Tuesday, 10 December 2013

Nostalgia is good - Progressives might not like it, but there was a lost golden age


The current political class is dominated by the ethics of vanity identified by Jesse Norman MP in his book on Edmund Burke MP as liberal individualism.  This liberal individualism permeates the thinking of the metropolitan class that has the time and money to govern the rest of us.  It is the nadir of a gradual decline in Western thinking that puts the material before the spiritual, the modern and novel before tradition, the atomised individual before society and science before religion.

On the Left we see this reductionist outlook represented in its disparaging of institutions that make up the fabric of our society, sneering at valuable institutions from monarchy to marriage.  If we are all individuals the Left says we should not be oppressed by conjugal vows or subject to a Queen.

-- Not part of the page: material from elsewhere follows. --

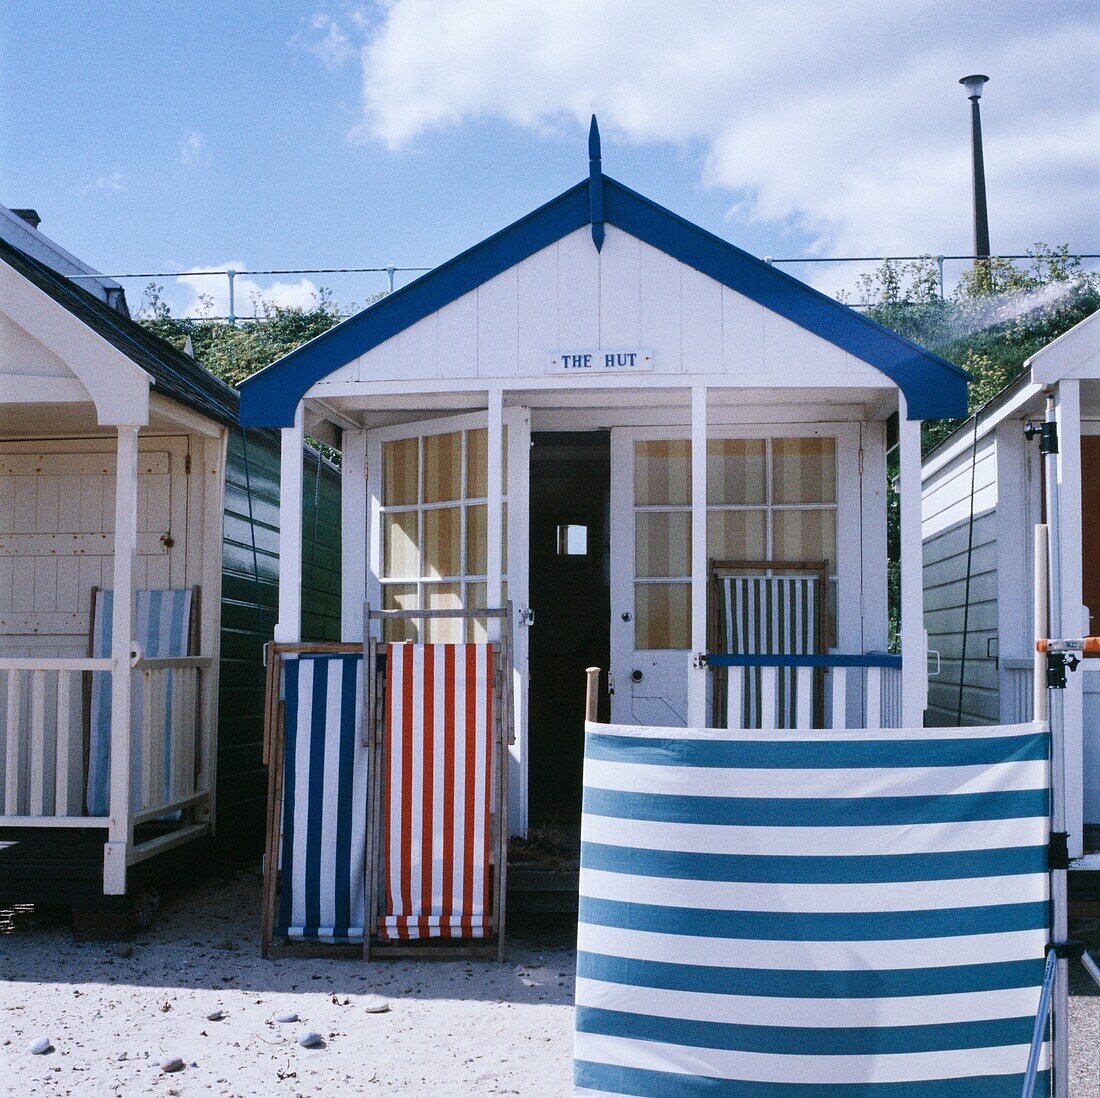 British beach hut with striped windbreaker

Meanwhile the Right has forgotten its duty to conserve our institutions and has turned a legitimate institution, the market, into an idol. It regards market economics rather than values and norms of behaviour as explaining human actions.  Patriotism and faith are replaced by rational choice theory.

Things really seemed to go wrong after the wonderful scientific discoveries of men of faith such as Isaac Newton.  This great deepening of our understanding of the material world, which began as a wonder at Creation was turned into idolatry of science, where science was claimed as the explanation of all things and our institutions and traditions were only seen as valuable if they could be justified by scientific tests.

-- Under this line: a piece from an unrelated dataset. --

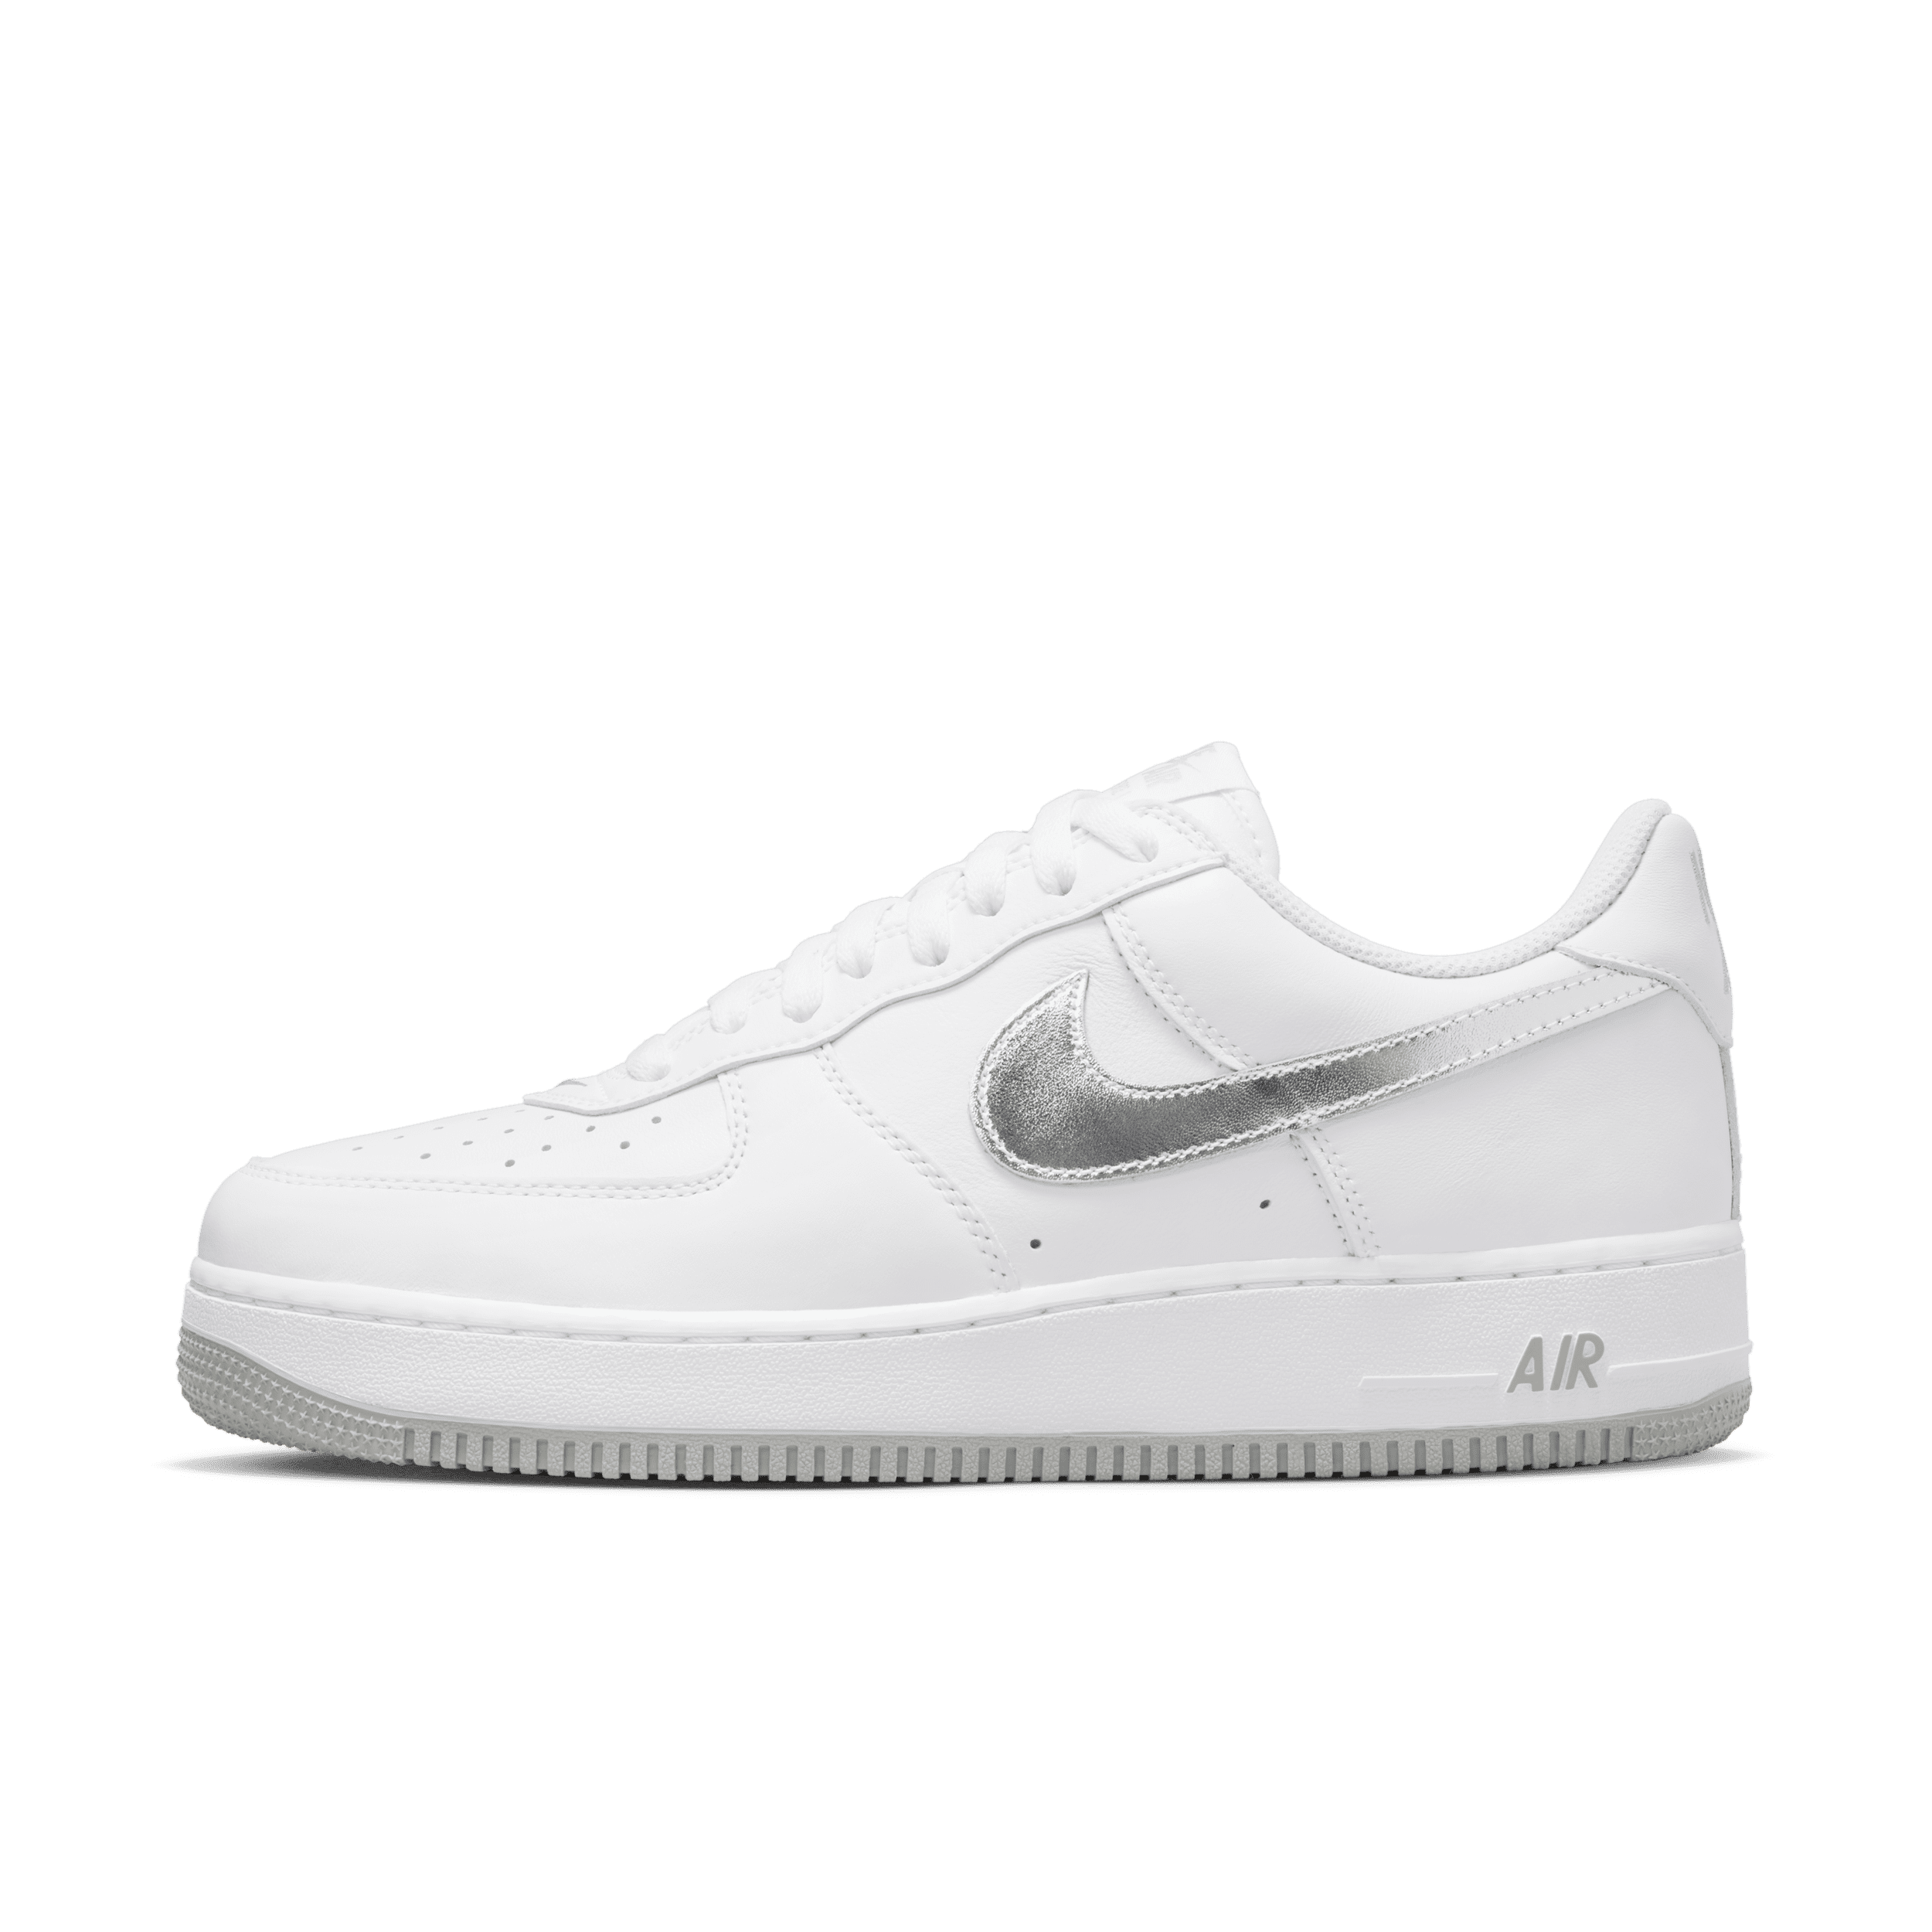 Nike Air Force 1 Low Retro Herrenschuh - Weiß

Not only was this so-called Enlightenment anti-religious it was also in a sense anti- human.  The one man who did most to pervert our new scientific understanding was that serpent in the garden of philosophy, Jean-Jacques Rousseau.  At university the blogger undertook a whole module on this leading thinker of the Enlightenment and discovered a misanthrope.  He seemed to regard human interaction as leading to a destructive amour propre.  For him the human institutions that bind generations together with their accumulated wisdom were forces of oppression.  He therefore detested the society Man had built up in the light of religious faith. 

The French revolution with its belief that Rationalism independent of tradition could explain everything followed, with Rousseau as its hero.  Since then this rationalist and materialistic outlook has continued to attack tradition and faith.  It has chipped away at our social bonds, questioned the norms of behaviour that make living together possible and indeed life enhancing.

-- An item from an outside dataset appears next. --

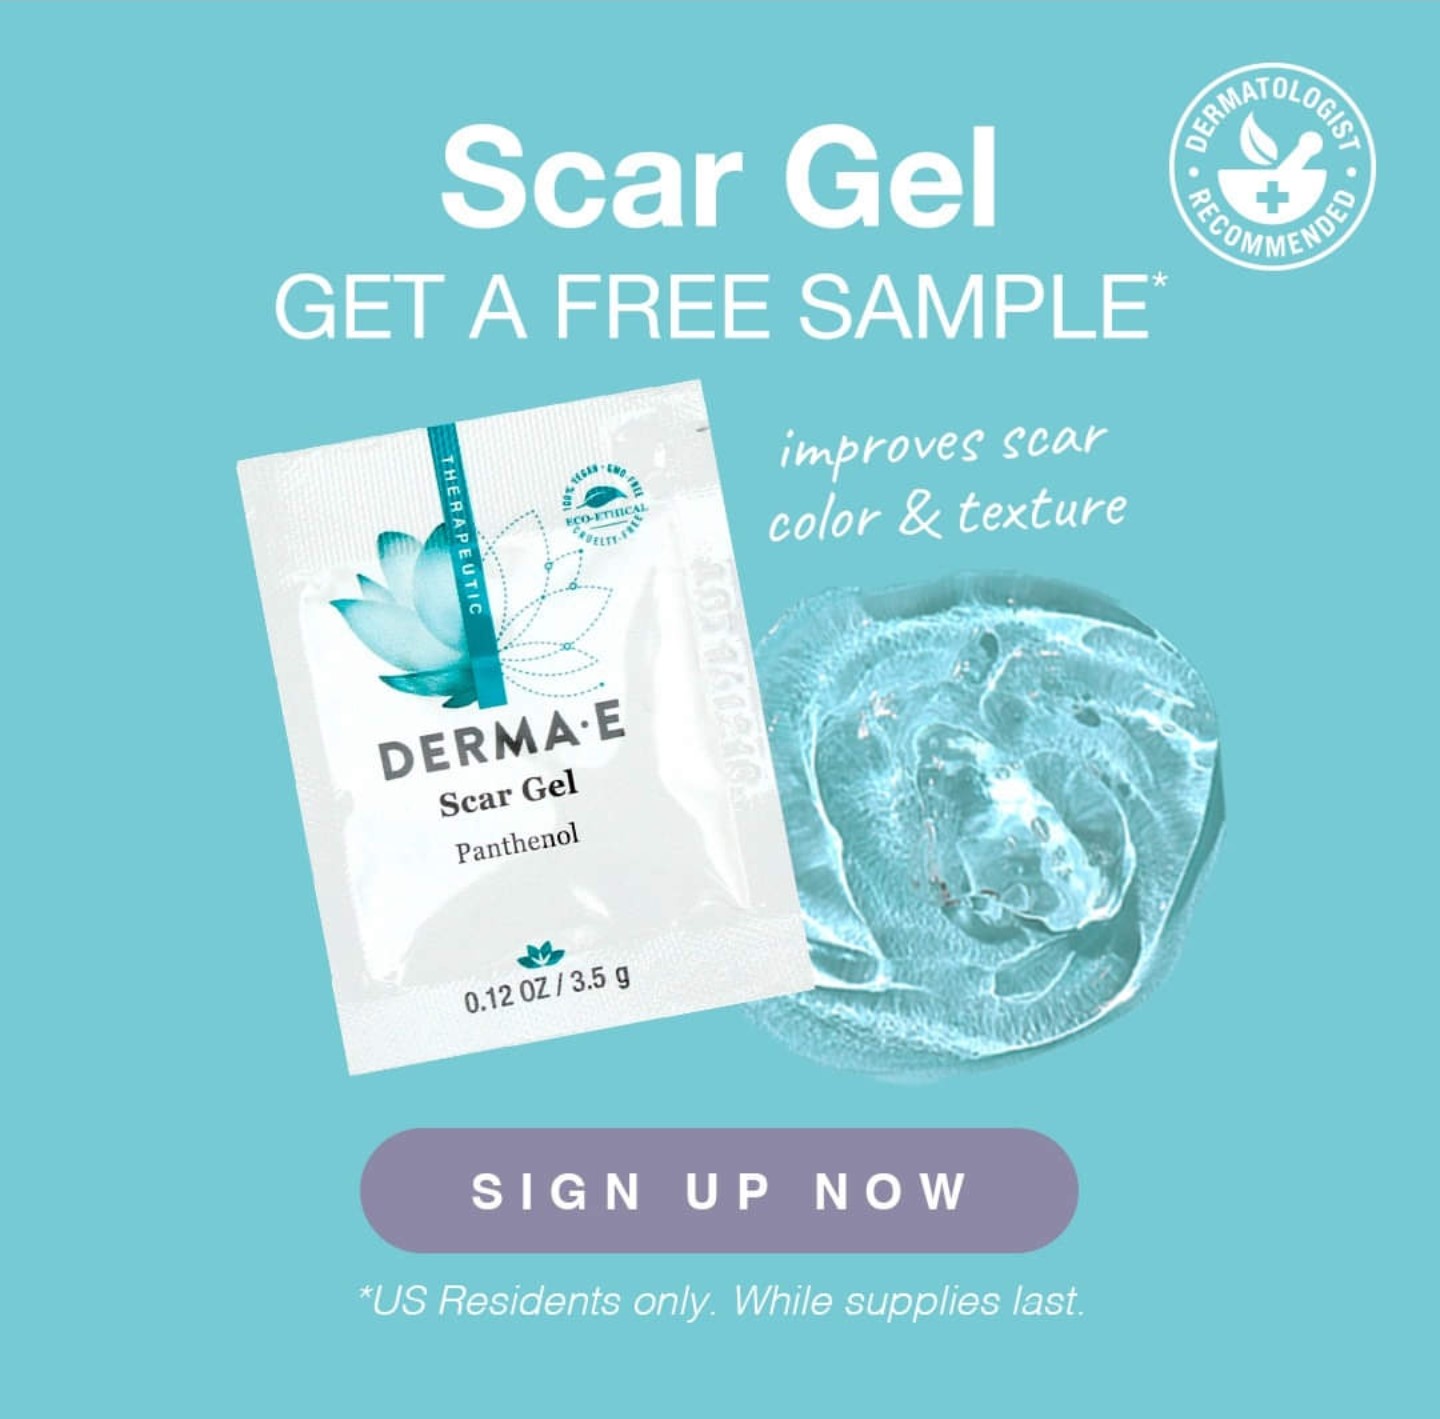 Free Sample of Derma E Scar Gel (First 4,000)

Much is attributed to the Enlightenment from individual freedom to parliamentary democracy.  England gives the lie to this.  Much of what people give the Enlightenment credit for was already underway in these Islands before Rousseau and the others put pen to paper.  Religious pluralism came about following the new settlement of the Glorious Revolution (one hundred years before France committed regicide), but this was only implementing ideas that were gradually developing following the Restoration in 1660.  Charles II’s reign might have seen reversals in the journey towards religious pluralism, but a compromise was being worked out.  It was finally achieved with the accession of William III, but not by reverting to the narrow Puritanism of Cromwell and the Regicides.

A middle of the road solution was reached without reference to abstract theory.  In good Anglo-Saxon fashion a compromise was cobbled together that allowed people to worship God true to their own interpretation of the Bible, Parliament was given freedom from Royal Prerogative and the Whigs therefore got what they wanted.  It was a compromise that worked however because it realised men live by tradition and affections not rationalist theory.  So the settlement preserved the monarchy and indeed the pageantry of monarchy.  It preserved the House of Lords and it continued with the Church of England as an established church – so the Tory affection for tradition was acknowledged too.  It recognised that while we must be free we are also social creatures who need institutions and traditions.

 Over the Channel, when abstract principles were followed rather than the lessons from history, the Terror and the guillotine resulted.  That is not to say that only the French make such a mistake.   While atheism and materialism took power by force in 1789, in the United Kingdom its growing strength has been more insidious and by stealth.  “Clever” people no longer respect our traditions.  They act as though our institutions survive by some strange accident, some oversight when we were embarked on dismantling the structure of oppression while on the road to liberty.  What they do not realise is that true liberty depends on these institutions rather than the false freedom of liberal individualism which is to be lonely and weighed down by the material world.

So people are right when they look back nostalgically to better times, because as these abstract, rationalist ideas have gradually permeated our nation more and more we are constantly losing what is life enriching. 

As we approach Christmas however the whole country returns home, casting off abstract rationalism.  Family, tradition and the Christ Child are seen again for how central they really are to our lives.  It is a return to the Merry England of carolling and wassailing, Christmas pudding (banned by the Puritans), Father Christmas, hunting (banned by New Labour), hawking and feasting.

So our resistance to the liberal individualists with their economic theories and their scientific explanations of religion begins when we wish each other “Merry Christmas”.  Certainly if we start to wish each other “happy holidays” instead, we have given up the fight.